Against the thinning day, the sky had erupted into fire. Strokes of orange bled into pink, fading into violet at the edges. Clouds stretched like brushstrokes across the canvas, and high above, a flock of birds traced their slow migration, wings catching the dying light. The garden below, where Aelira’s gaze had always been chained, looked dim in comparison—small, almost muted beneath the glory of the sky.
“It’s magnificent, isn’t it?” Theon’s voice softened. “Every evening, it changes, but it’s always beautiful. Makes you remember the world is bigger than crowns and courtyards.”
He tilted his head toward her. “Tell me, Aelira—have you ever raised your eyes to see it? Or have you only ever looked down?”
Her breath caught.
Because it was true. She had never looked. Not once over the past years.
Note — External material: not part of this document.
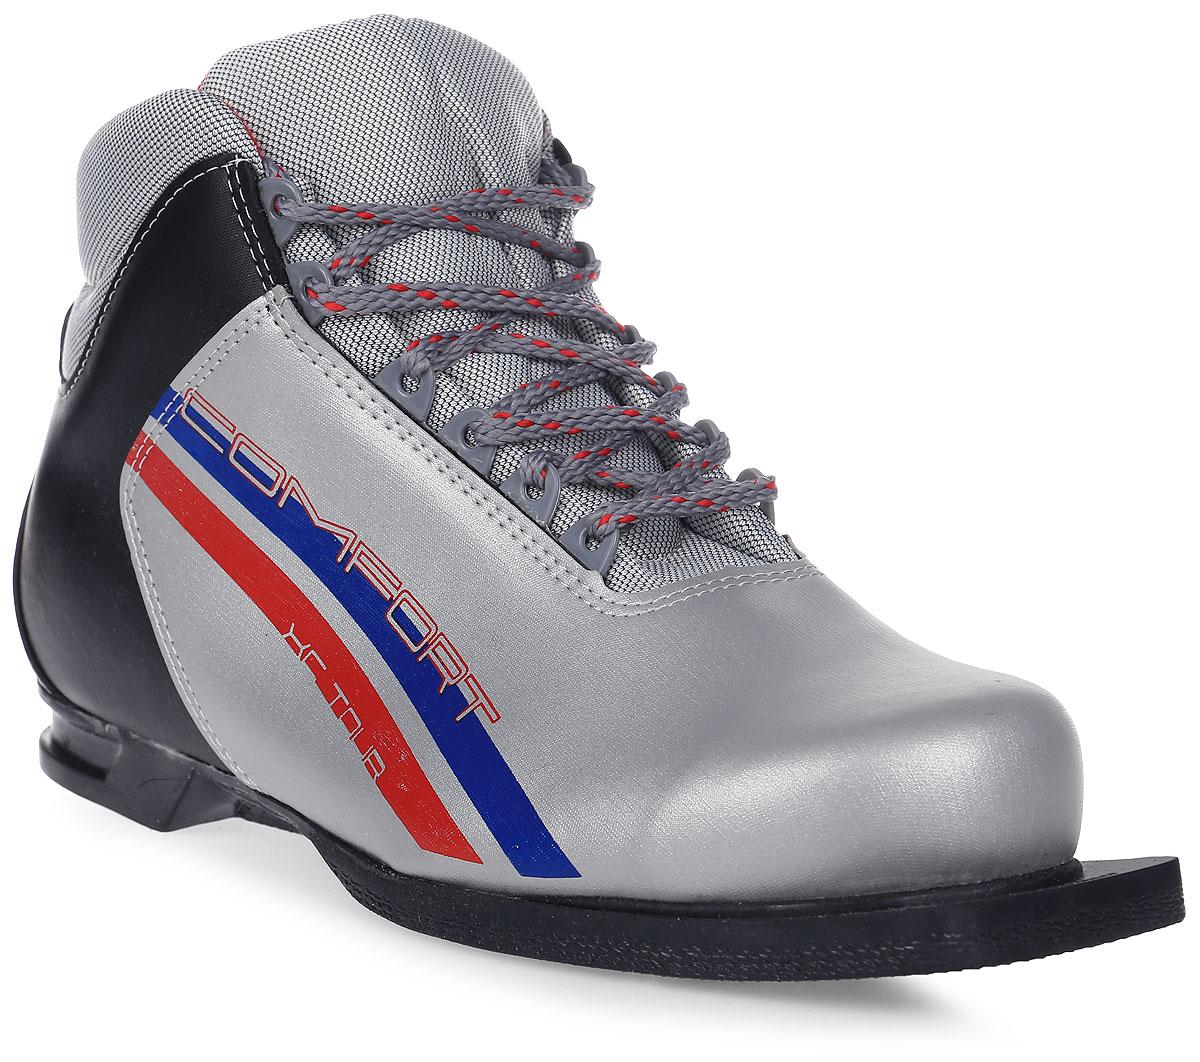 Ботинки лыжные Marax, цвет: серебристый, синий, черный. М350. Размер 45М350_серебряный, синий, красный_45Лыжные ботинки Marax предназначены для активного отдыха. Модельизготовлена из морозостойкой искусственной кожи и текстиля. Подкладка выполнена из искусственного меха и флиса, благодаря чему ваши ноги всегда будут в тепле. Шерстяная стелька комфортна при беге. Вставка на заднике обеспечивает дополнительную жесткость, позволяя дольше сохранять первоначальную форму ботинка и предотвращать натирание стопы. Ботинки снабжены шнуровкой с пластиковыми петлями и язычком-клапаном, который защищает от попадания снега и влаги. Подошва системы 75 мм из двухкомпонентной резины является надежной и весьма простой системой крепежа и позволяет безбоязненно использовать ботинокдо -25°С. В таких лыжных ботинках вам будет комфортно и уютно.

Her eyes had always followed Kaeyla, step after step, never straying from the sister she was forged to protect. Her world had narrowed to the path beneath her sister’s feet. And now, seeing the sky blazing alive above her—she realized how small her existence had become.
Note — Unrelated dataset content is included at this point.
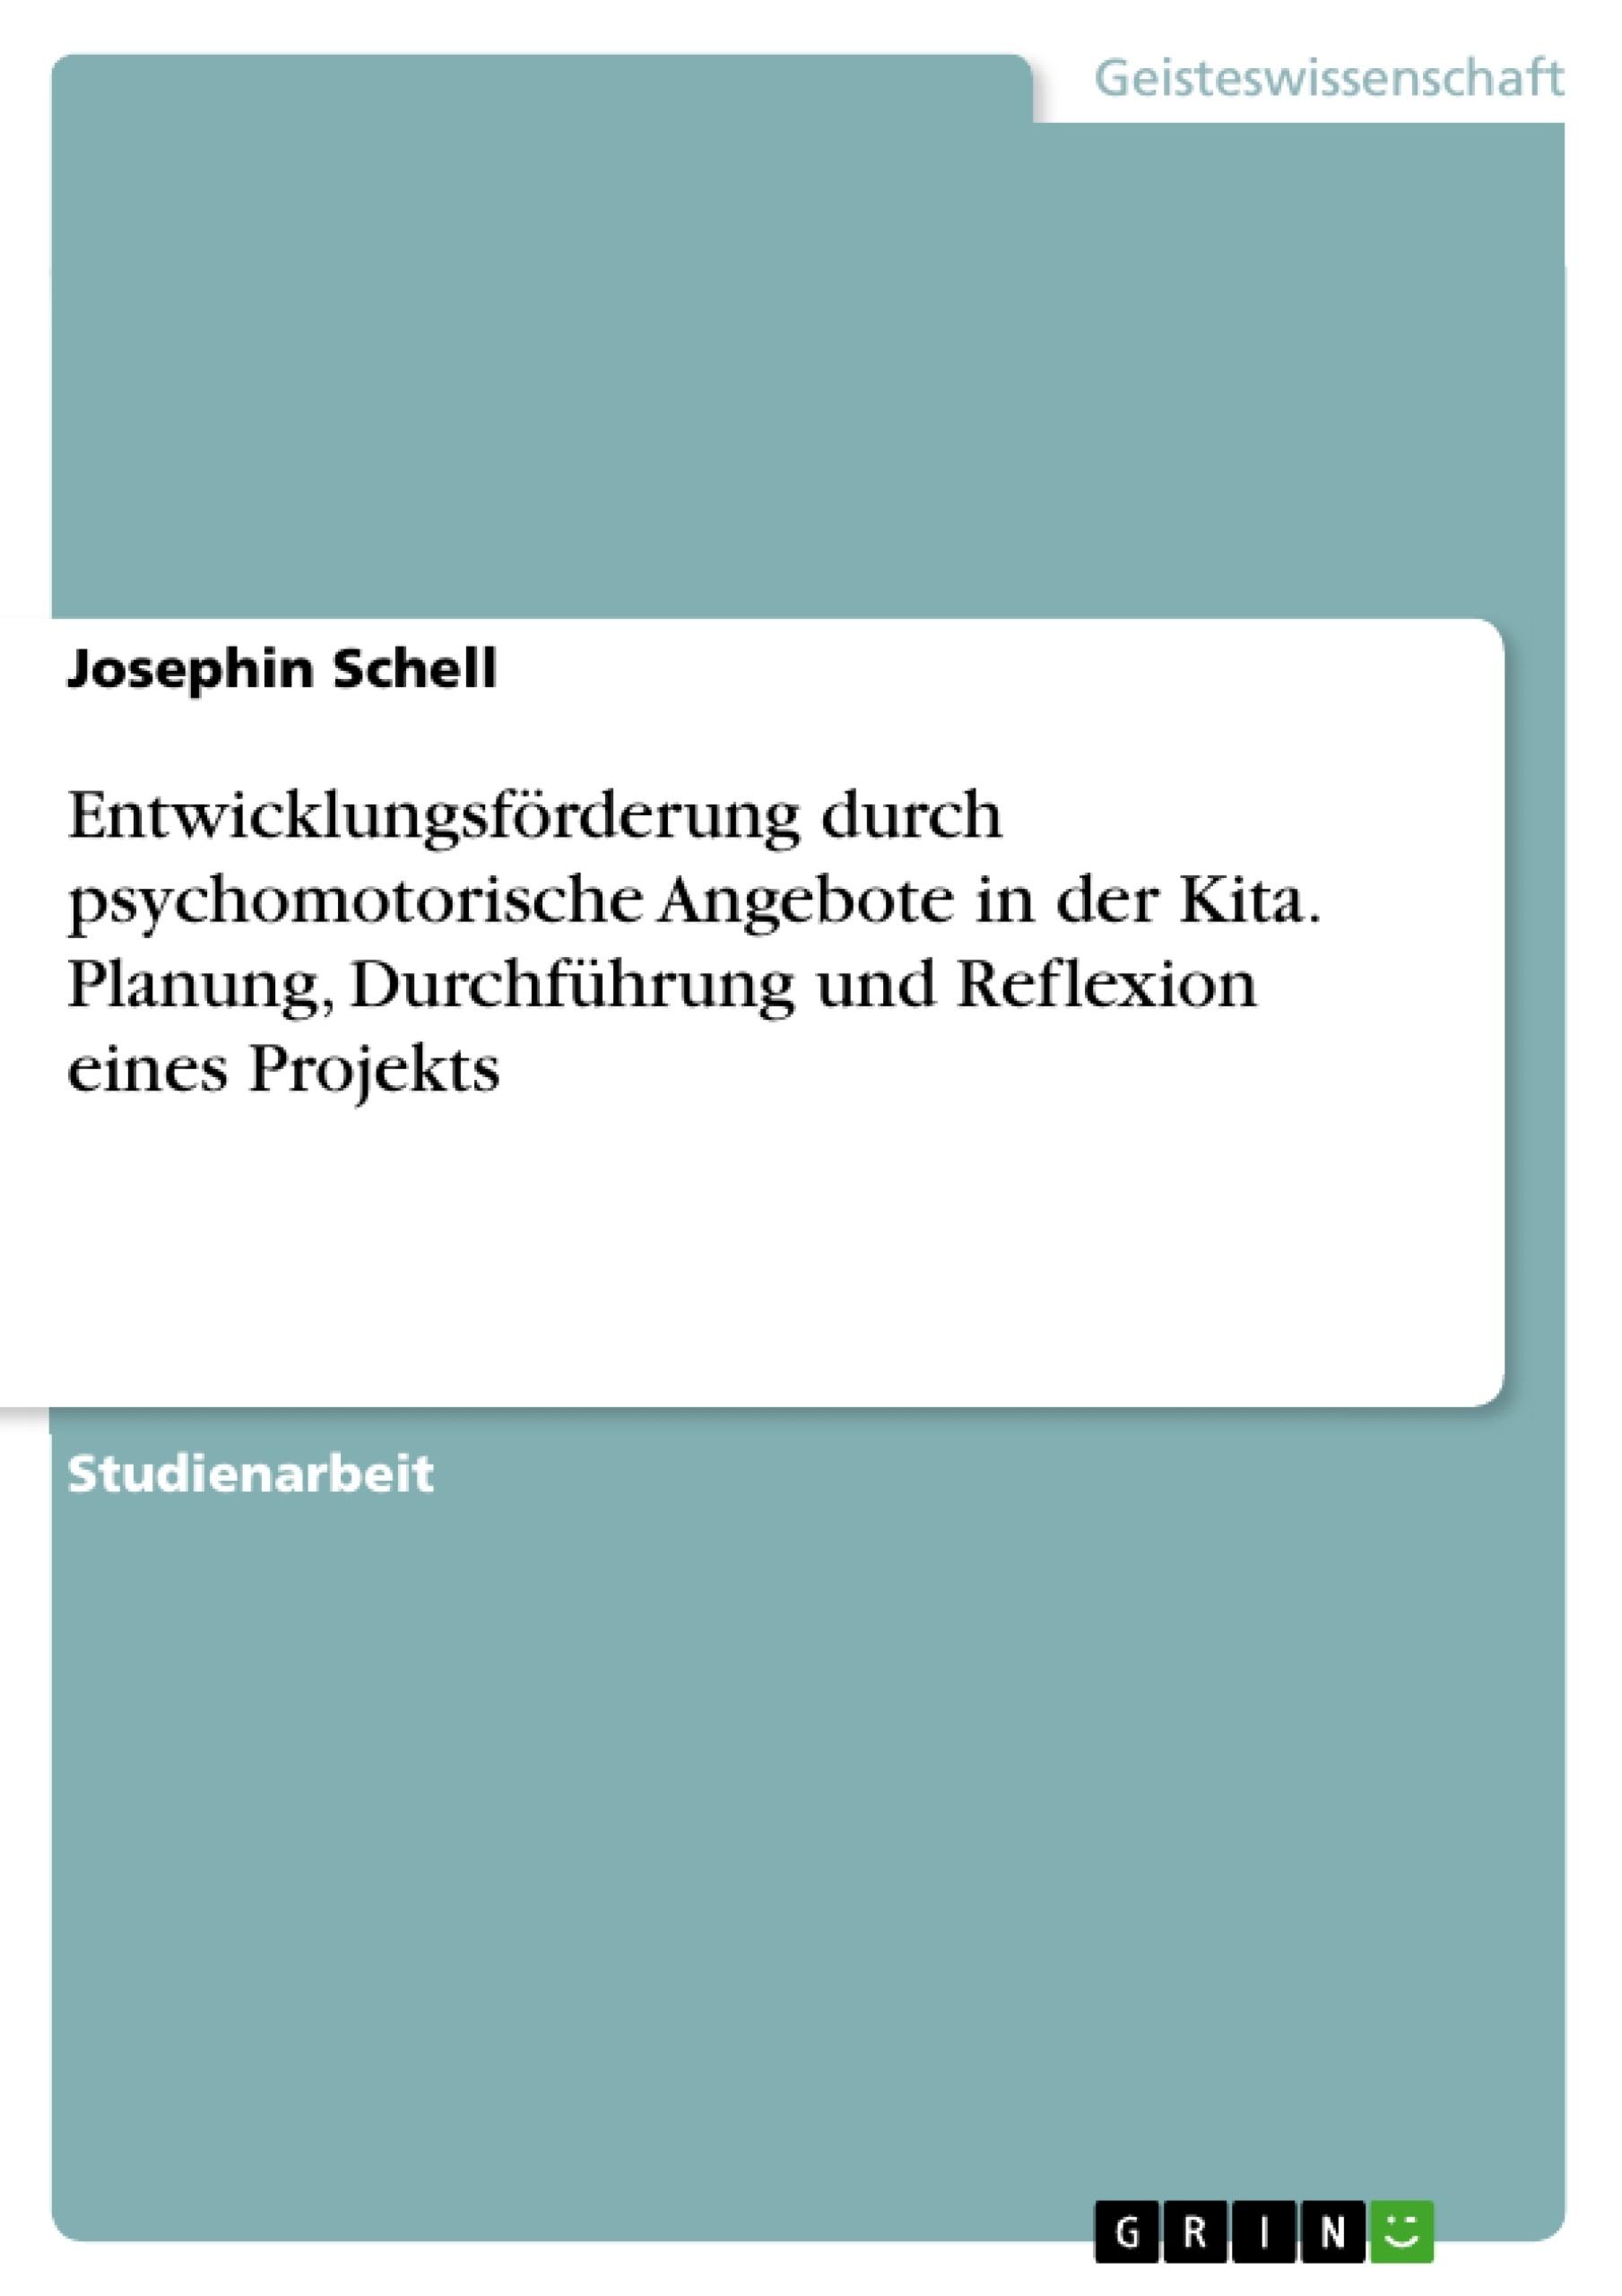 Titel: Entwicklungsförderung durch psychomotorische Angebote in der Kita. Planung, Durchführung und Reflexion eines Projekts

Something inside her cracked.
Her lips did not move, her face did not falter, but tears slid silently down her cheeks, unbidden. Not of joy. Not of wonder. But of an emptiness so vast she didn’t know how to contain it.
Theon’s smile faded.
He hadn’t expected this. He thought she might scoff, or ignore him, or—if he was lucky—allow herself a moment of awe. But watching her cry, expression blank and silent, was unbearable. A girl who had never lifted her eyes from the ground, and when she finally did, she broke.
For the first time, he regretted speaking.
He reached up, almost without thinking, and brushed away her tears with his thumb. His voice was low. “I thought… maybe you’d smile. Looks like I was wrong.”
He pushed off the branch before she could answer, landing lightly on the ground. He didn’t look back.
Because he regrets showing her what freedom looks like. Because hope is cruel.
Sometimes, showing someone, the sky didn’t free them. It only reminded them of the cage they had built inside.